Navarretia involucrata

Im südlichen Chile und in Argentinien ist das Kleine Nadelkissen, Navarretia involucrata (Syn.: N. pusilla, Gilia pusilla) ursprünglich. Es wird 1910 für den Hafen von Mannheim in Baden-Württemberg angegeben (Hegi 1975). Die Art wird in der deutschen Florenliste (Hand & Thieme 2023) nicht geführt.
 

 

Navarretia pubescens

In Kalifornien ist das Flaumige Nadelkissen, Navarretia pubescens, beheimatet. Es wird 1918 bei Solothurn eingeschleppt angegeben (Hegi 1975).
 

Navarretia sphaerocephala

Im westlichen Nordamerika ist das Zwerg-Nadelkissen, Navarretia sphaerocephala subsp. minima (Syn.: N. minima) beheimatet.
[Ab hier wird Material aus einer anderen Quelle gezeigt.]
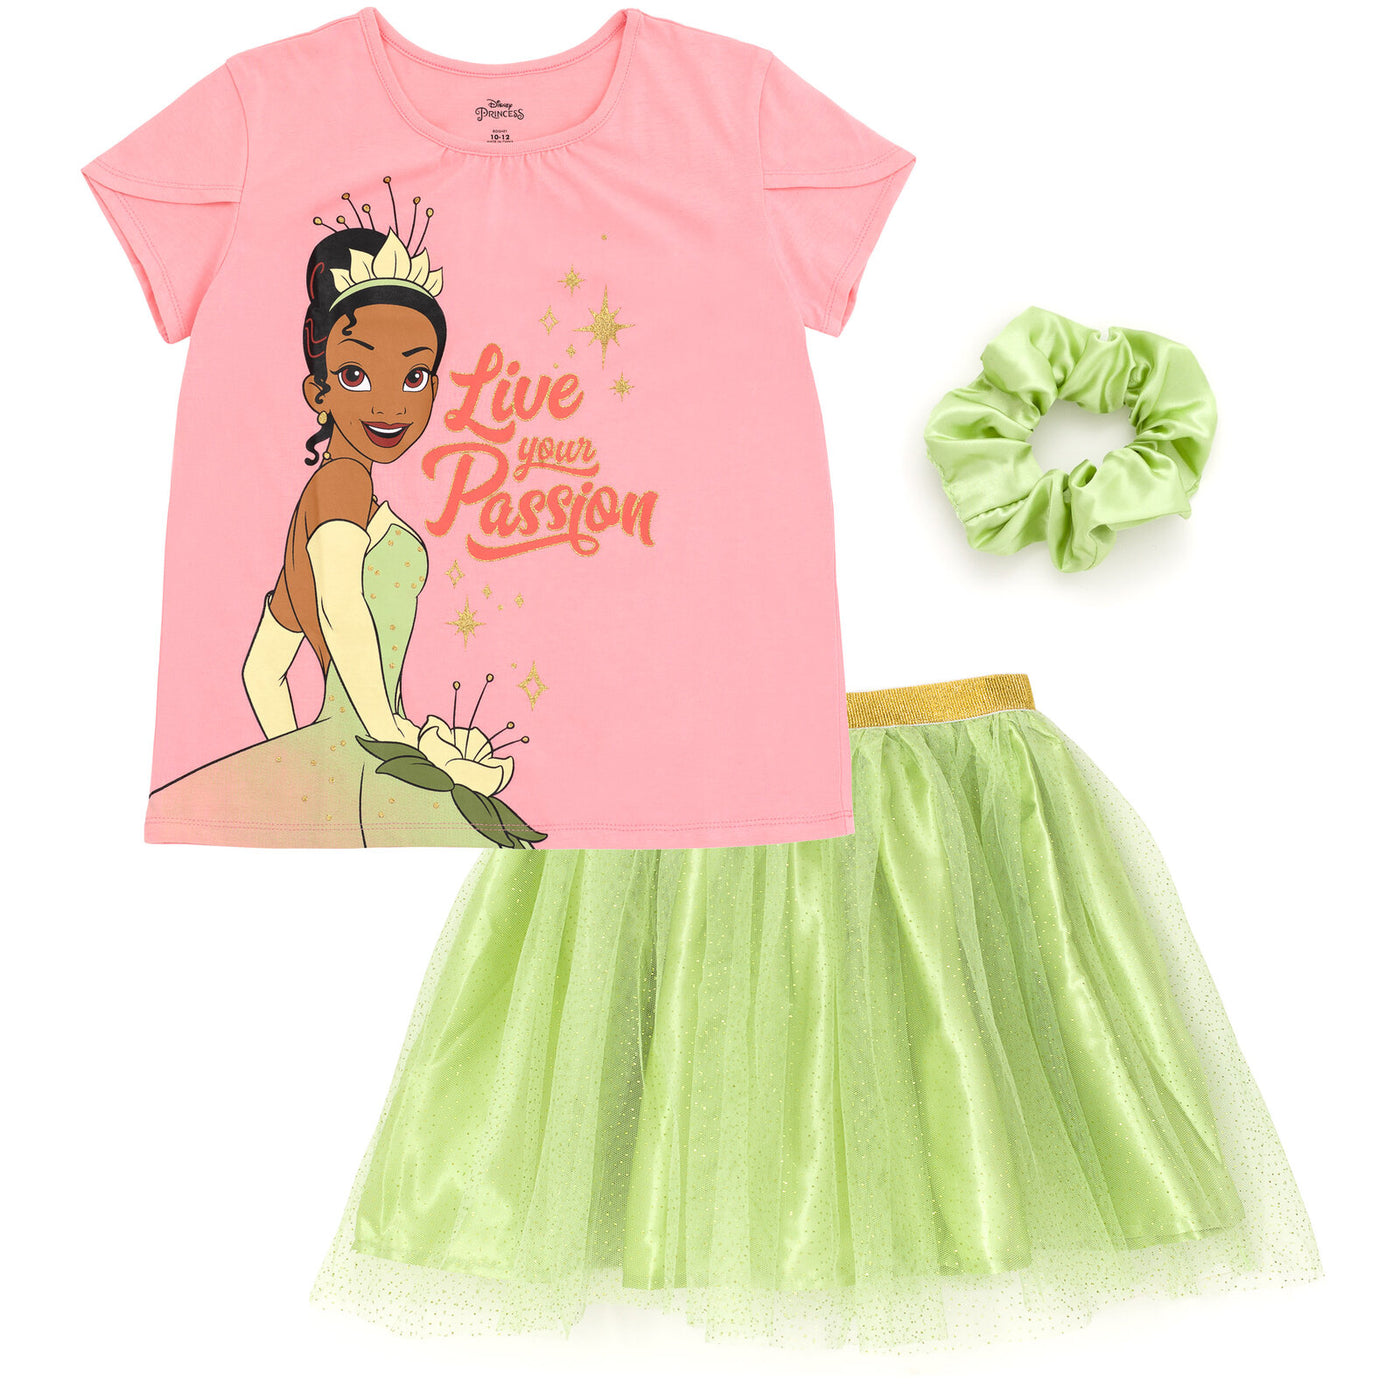 Disney Princess Princess Tiana T-Shirt Tulle Mesh Skirt and Scrunchie 3 Piece Outfit Set
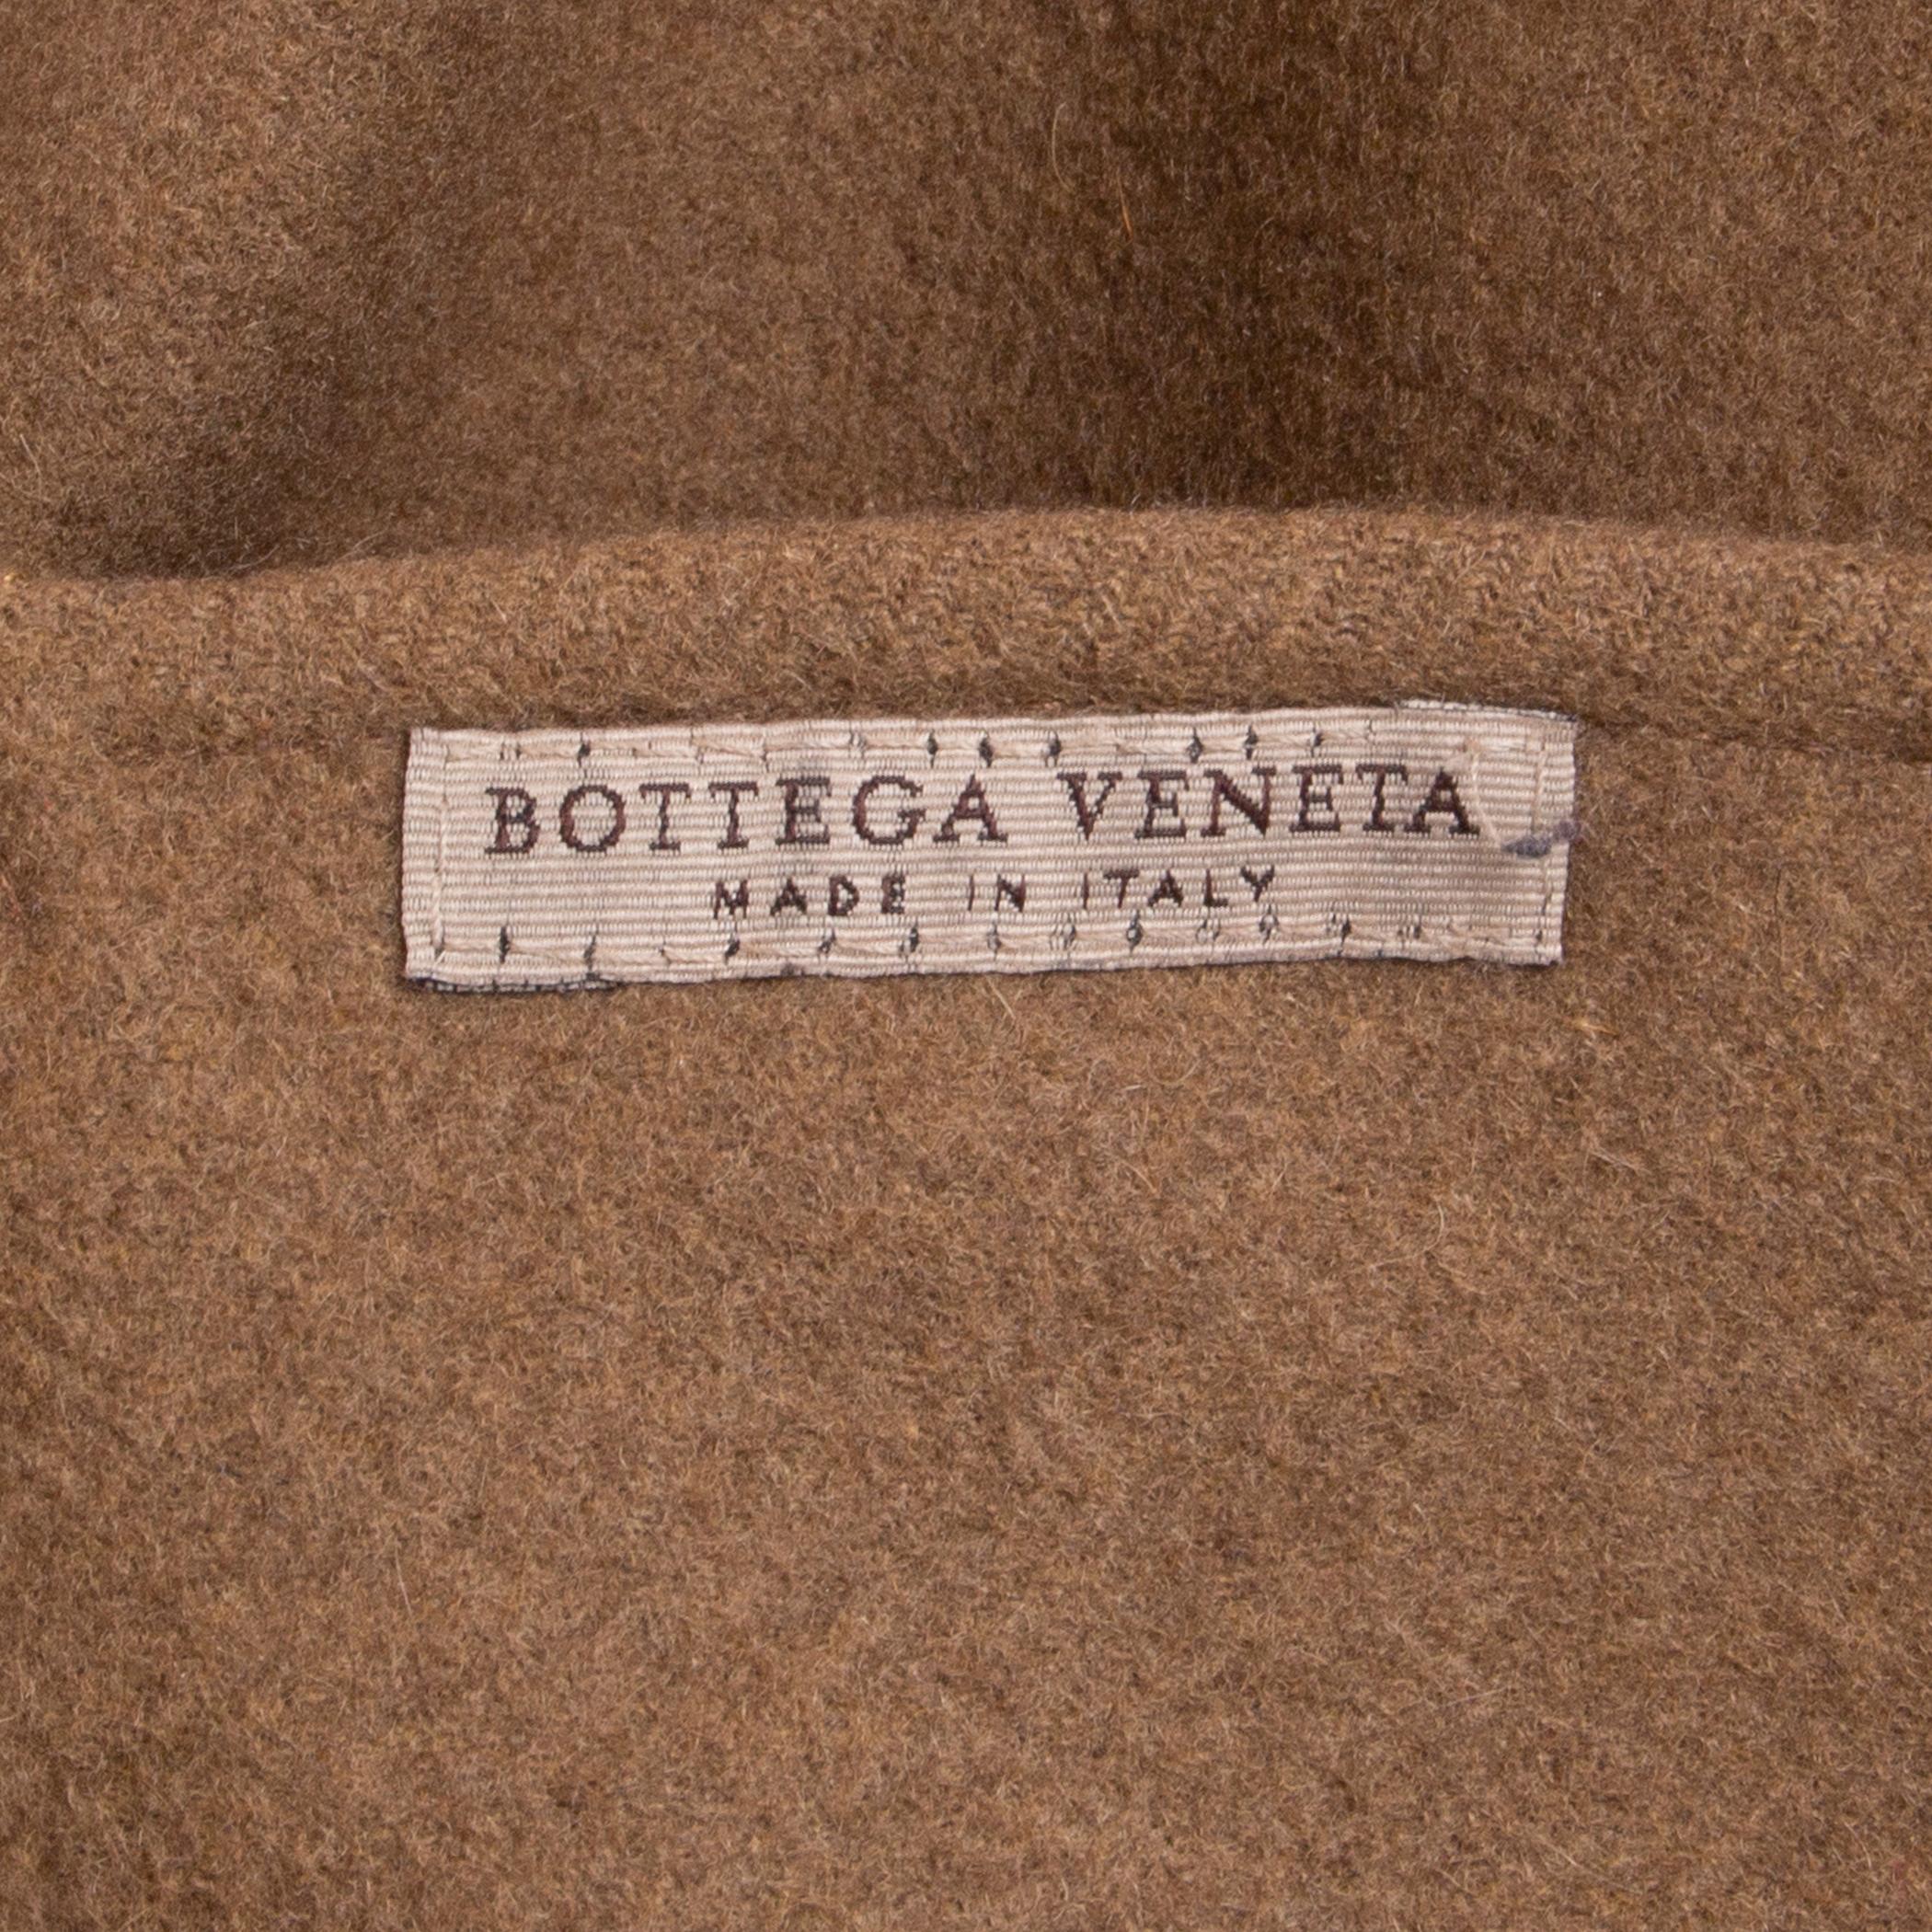 BOTTEGA VENETA olive drab brown cashmere OVERSIZE Coat Jacket 38 XS 1

Es konnte 1988 adventiv zwischen Pflastersteinen „Am Entenmoos“ in Sonthofen in Bayern festgestellt werden (Dörr & Lippert 2004, Meierott & al. 2024).
 

Quellen

BIB (2018): Botanischer Informationsknoten Bayern - http://daten.bayernflora.de

Burkhardt L. (2018): Verzeichnis eponymischer Pflanzennamen Teil 1 - https://www.bgbm.org/sites/default/files/
verzeichnis_eponymischer_pflanzennamen
_2018_teil_1.pdf

Buttler K.P. (1994): Fundmeldungen Neufunde-Bestätigungen-Verluste – Botanik und Naturschutz in Hessen 7: 101–103.

Dörr E. & Lippert W. (2004): Flora des Allgäus und seiner Umgebung Band 2 – IHW-Verlag Eching, 752 S.

Hand R. & Thieme M. (2023): Florenliste von Deutschland (Gefäßpflanzen), begründet von Karl Peter Buttler. https://www.kp-buttler.de/florenliste/index.htm

 



Hegi G. (1975): Illustrierte Flora von Mitteleuropa, Band 5 (Teil 1). 3.Aufl. – Paul Parey, Berlin und Hamburg. 678 S.

Jagel A. (2003): Ein Fund von Navarretia squarrosa (Eschsch) HOOK. & ARN. (Polemoniaceae) bei Schermbeck (Kreis Wesel, Nordrhein-Westfalen - Floristische Rundbriefe 37: 1-4.

Kew (2023): Kew science – Plants of the World Online - Plants of the World Online | Kew Science

Meierott L., Fleischmann A., Klotz J., Ruff M. & W. Lippert (2024): Flora von Bayern – Haupt Verlag, Bern, 4 Bände.

Runge F. (1979): Neue Beiträge zur Flora Westfalens – Natur und Heimat, Blätter für den Naturschutz und alle Gebiete der Naturkunde 39/3: 69–102.